# Whisper Fine-Tuning Workflow

Use this notebook after exporting reviewed transcriptions with `python -m wavecap_backend.tools.export_transcriptions` to build a dataset that can fine-tune Whisper models with Hugging Face Transformers.

## Prerequisites

1. Install the Python dependencies used below: `pip install datasets transformers accelerate soundfile`.
2. Run the export script from the repository root (or from `backend/` with `PYTHONPATH=src`) to generate a dataset directory:
   ```bash
   python -m wavecap_backend.tools.export_transcriptions --output-dir state/exports/whisper-dataset
   ```
3. Confirm that the output directory contains `transcriptions.jsonl`, `metadata.json`, and an `audio/` sub-directory when audio was copied.

## Load the reviewed transcriptions

The export script produces a JSONL file where each record contains the cleaned text, metadata about the review, and an `audio_filepath` pointing to the WAV clip.
The code below loads the JSONL file into a 🤗 `datasets` `DatasetDict`, filters out entries without audio, and casts the audio column so it can stream waveform arrays on demand.

In [None]:
from pathlib import Path

from datasets import Audio, load_dataset

DATASET_DIR = Path("state/exports/whisper-dataset")
JSONL_PATH = DATASET_DIR / "transcriptions.jsonl"

if not JSONL_PATH.exists():
    raise FileNotFoundError(f"Could not find {JSONL_PATH}. Run the export script first.")

dataset = load_dataset("json", data_files=str(JSONL_PATH), split="train")
dataset = dataset.filter(lambda example: example.get("audio_filepath") is not None)
dataset = dataset.cast_column("audio_filepath", Audio(sampling_rate=16000))
dataset = dataset.rename_column("audio_filepath", "audio")
dataset = dataset.train_test_split(test_size=0.1, shuffle=True, seed=42)
dataset

Inspect a single example to verify the metadata and waveform are loaded as expected.

In [None]:
sample = dataset["train"][0]
sample

## Prepare inputs for Whisper

Load the Whisper processor and model checkpoint, then convert each dataset example into the input features and token labels expected by the model.

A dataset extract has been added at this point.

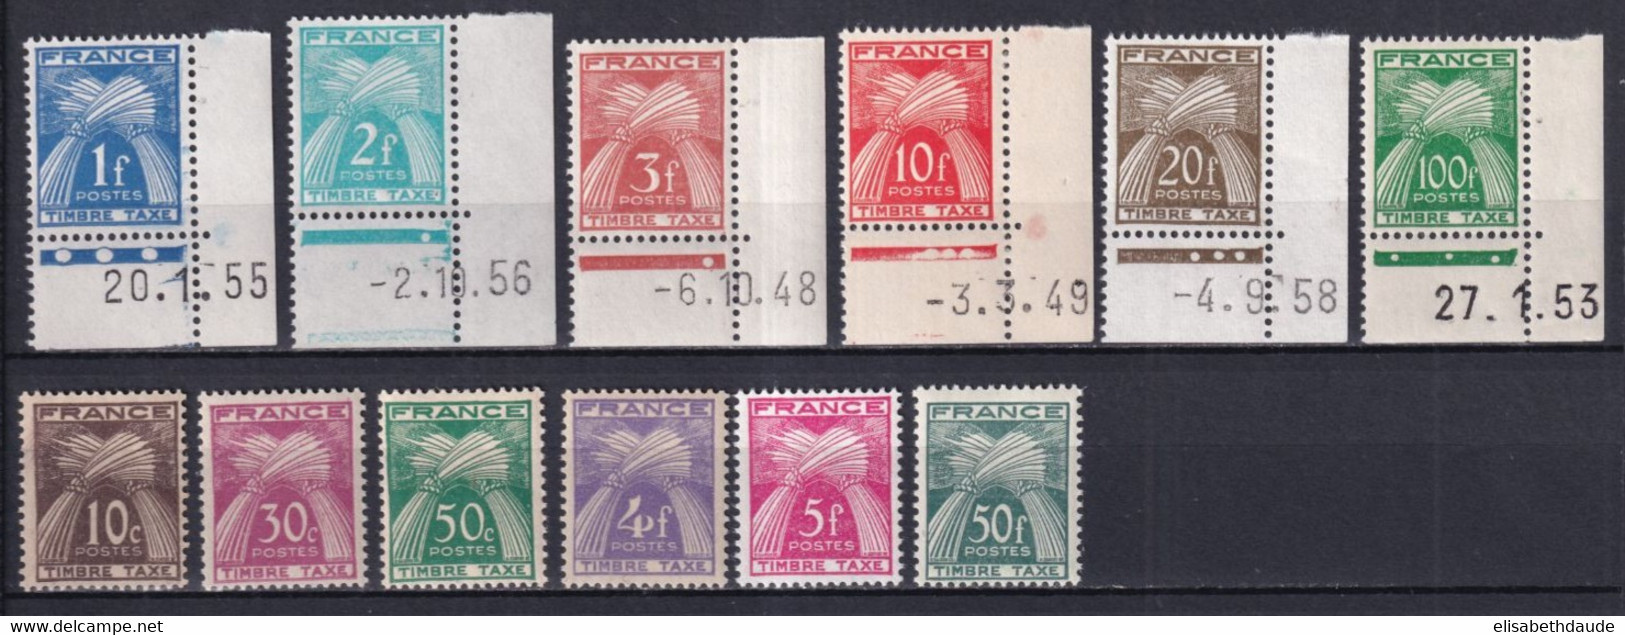 1946/55 - TAXE - YVERT N° 78/89 ** MNH - COTE = 140 EUR. - 1859-1959 Neufs

Adjust the `language` and `task` arguments to match your recordings.

In [None]:
from transformers import WhisperForConditionalGeneration, WhisperProcessor

MODEL_NAME = "openai/whisper-small"
TARGET_LANGUAGE = "en"
processor = WhisperProcessor.from_pretrained(MODEL_NAME, language=TARGET_LANGUAGE, task="transcribe")
model = WhisperForConditionalGeneration.from_pretrained(MODEL_NAME)
model.config.forced_decoder_ids = None
model.config.suppress_tokens = []
processor.tokenizer.pad_token = processor.tokenizer.eos_token
processor.tokenizer.pad_token_id = processor.tokenizer.eos_token_id


In [None]:
def prepare_example(batch):
    audio = batch["audio"]
    input_features = processor.feature_extractor(audio["array"], sampling_rate=audio["sampling_rate"]).input_features[0]
    with processor.as_target_processor():
        labels = processor.tokenizer(batch["text"])
    batch["input_features"] = input_features
    batch["labels"] = labels["input_ids"]
    return batch

processed_dataset = dataset.map(
    prepare_example,
    remove_columns=dataset["train"].column_names,
    num_proc=None,
)


## Fine-tune Whisper

Configure standard sequence-to-sequence training arguments and launch the trainer. Depending on dataset size you may need to adjust batch sizes, gradient accumulation, or enable mixed precision (`fp16`).

In [None]:
from transformers import DataCollatorForSeq2Seq, Seq2SeqTrainer, Seq2SeqTrainingArguments

training_args = Seq2SeqTrainingArguments(
    output_dir="whisper-finetune",
    per_device_train_batch_size=4,
    per_device_eval_batch_size=4,
    gradient_accumulation_steps=1,
    evaluation_strategy="steps",
    logging_steps=50,
    eval_steps=200,
    save_steps=200,
    num_train_epochs=5,
    learning_rate=1e-5,
    warmup_steps=500,
    fp16=False,
    gradient_checkpointing=True,
    generation_max_length=225,
)

data_collator = DataCollatorForSeq2Seq(tokenizer=processor.tokenizer, model=model, padding=True)

trainer = Seq2SeqTrainer(
    model=model,
    args=training_args,
    train_dataset=processed_dataset["train"],
    eval_dataset=processed_dataset["test"],
    data_collator=data_collator,
    tokenizer=processor,
)

# Uncomment the next line to begin fine-tuning once you are satisfied with the configuration.
# trainer.train()


After training completes you can evaluate the model, push it to the Hugging Face Hub, or convert it back into a format suitable for the WaveCap backend.